Tue, Aug 01, 2006 - Page 18 News List

Pavin clinches elusive PGA win

AT LAST It has been a long haul for Corey Pavin, but the hard work paid off on Sunday when he pocketed US$720,000 for winning the US Bank Championship


Corey Pavin smiles with the trophy after his victory at the US Bank Championship at Brown Deer Park Golf Club in Milwaukee, Wisconsin, on Sunday. Pavin finished with a 20-under 260 total.


Corey Pavin's putting prowess carried him to his first US PGA Tour victory in 10 years at the US Bank Championship on Sunday.

The 46-year-old Pavin closed with a 3-under 67 for a two-stroke victory over local favorite Jerry Kelly.

Pavin, whose last victory came in the 1996 Colonial, earned his 15th tour victory with precise putting and a timely eagle on the par-4 eighth. He finished with a 20-under 260 total.

Kelly also finished with a 67. Jeff Sluman (64) was 17 under, Frank Lickliter (69) and D.J. Trahan (69) followed at 15 under and Woody Austin (65), Joey Sindelar (67) and Billy Andrade (68) were 14 under.

Pavin, who also won the tournament 20 years ago, became the eighth two-time champion in Milwaukee. While his first win here was worth US$72,000, Sunday's check was 10 times that at US$720,000.

Kelly said he wanted to go head-to-head with the leader in the final round. Before the tournament, Pavin seemed like an unlikely candidate, ranking 194th in driving distance and 175th in putting on tour.

But the 1995 US Open winner scorched the short 6,759-yard Brown Deer Park Golf Course early with a tour-record 26 on the par-34 front nine on Thursday. He finished the first round with a 61 and shot a 64 in the second to reach 15 under and tie the tour scoring record for the first 36 holes at 125.

Kelly had the backing of the partisan crowd expecting the Wisconsinite who lost in a playoff here in 1996 to finally win the tournament he calls a "major."

The gallery and even those outside the course loudly urged Kelly on as he tried to pump them up by waving his arms for more noise during his final round, especially down the stretch. Walking up one fairway, a man riding a bicycle in the subdivision across the street began shouting for Kelly hysterically.

But Pavin, who said he has rediscovered his putting stroke after the return of caddie Eric Schwarz following a six-month layoff, relished the chance to be the outsider and spoil everyone's fun.

Kelly, who started Sunday two shots behind Pavin, spoiled his own chances.

He did not make a bogey, but missed 13 birdie putts, the closest from 7 feet, and did not make a putt longer than 5 feet.

After an eagle attempt on No. 15, Kelly birdied to move to 18 under, two strokes behind Pavin.

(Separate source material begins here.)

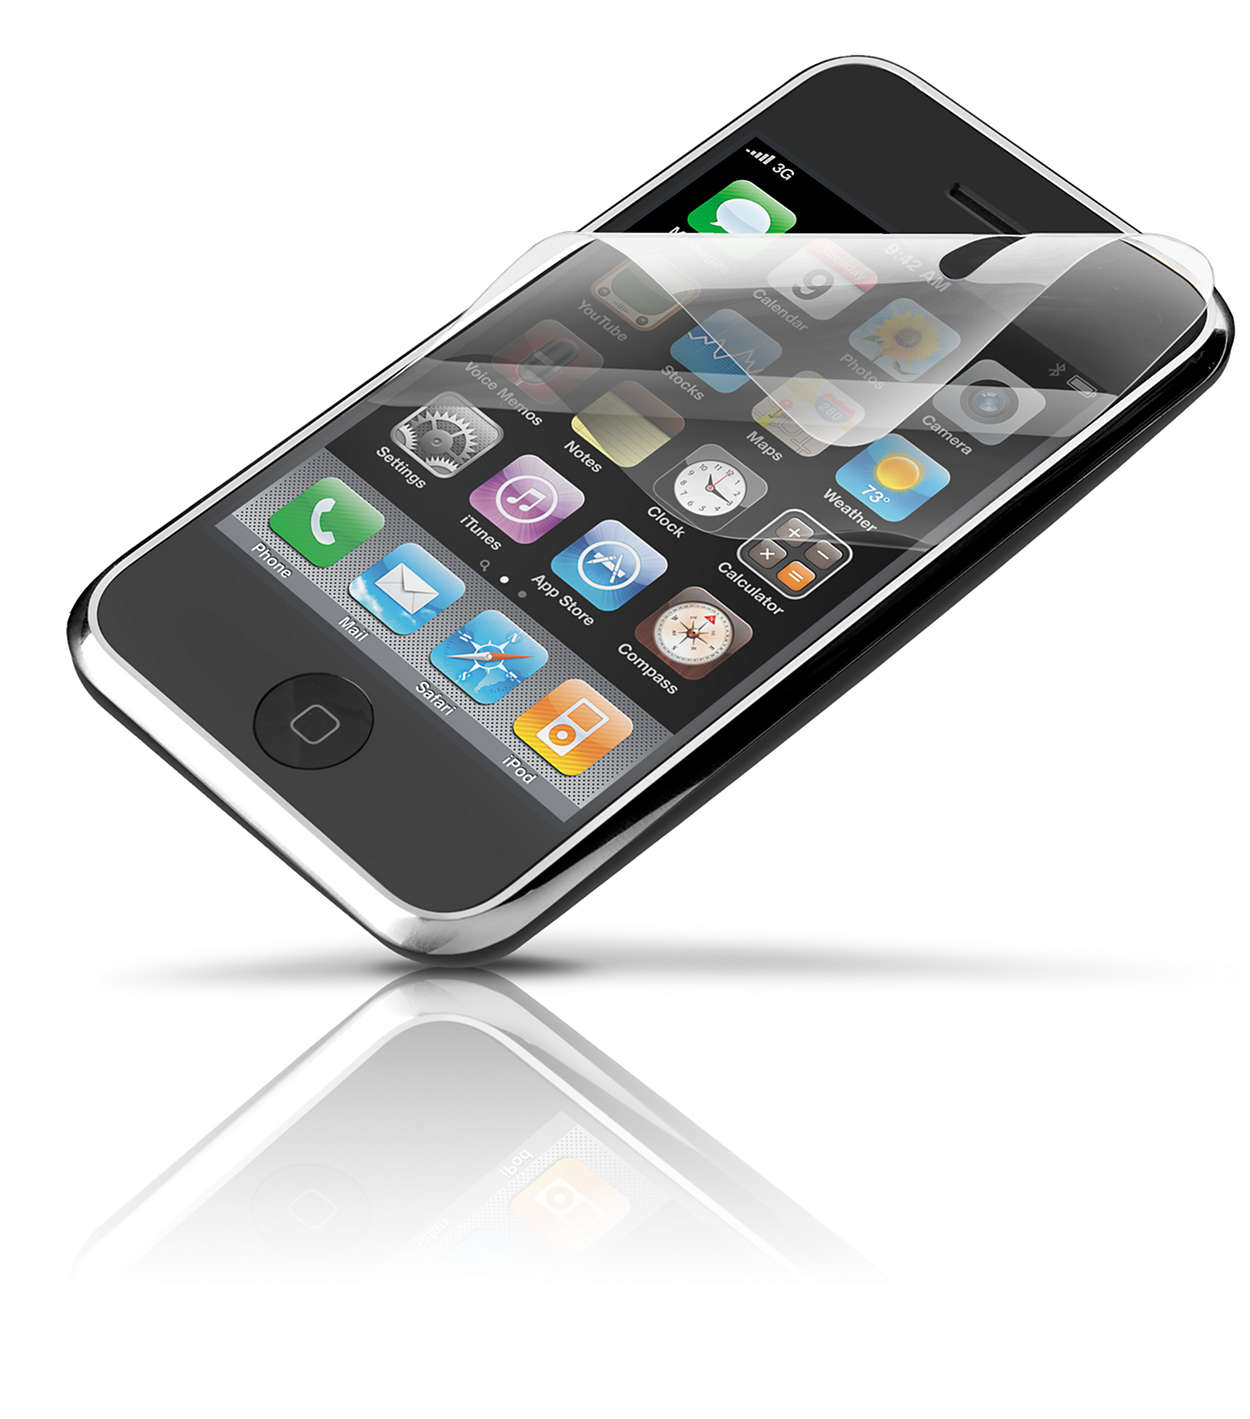 Protege la pantalla de tu iPhone

But he again missed birdie putts on Nos. 16, 17 and 18.

Meanwhile, Pavin's biggest shot came on the par-4 eighth hole, when he opened a four-stroke lead over Kelly. Pavin hit a drive 270 yards to the center of the fairway, and his second shot from 172 yards bounced three times and rolled into the cup for an eagle.

The first person to congratulate him? Kelly.

It was all Kelly could do because of his lousy putting.

Meanwhile, Pavin, who came from behind for his win here in 1986, even made putts he thought he had missed, like at No. 10, when he flipped his putter end over end after a 7-footer that appeared to be rolling past the hole fell in.

Pavin did not three-putt a single green and averaged 26.5 putts per round.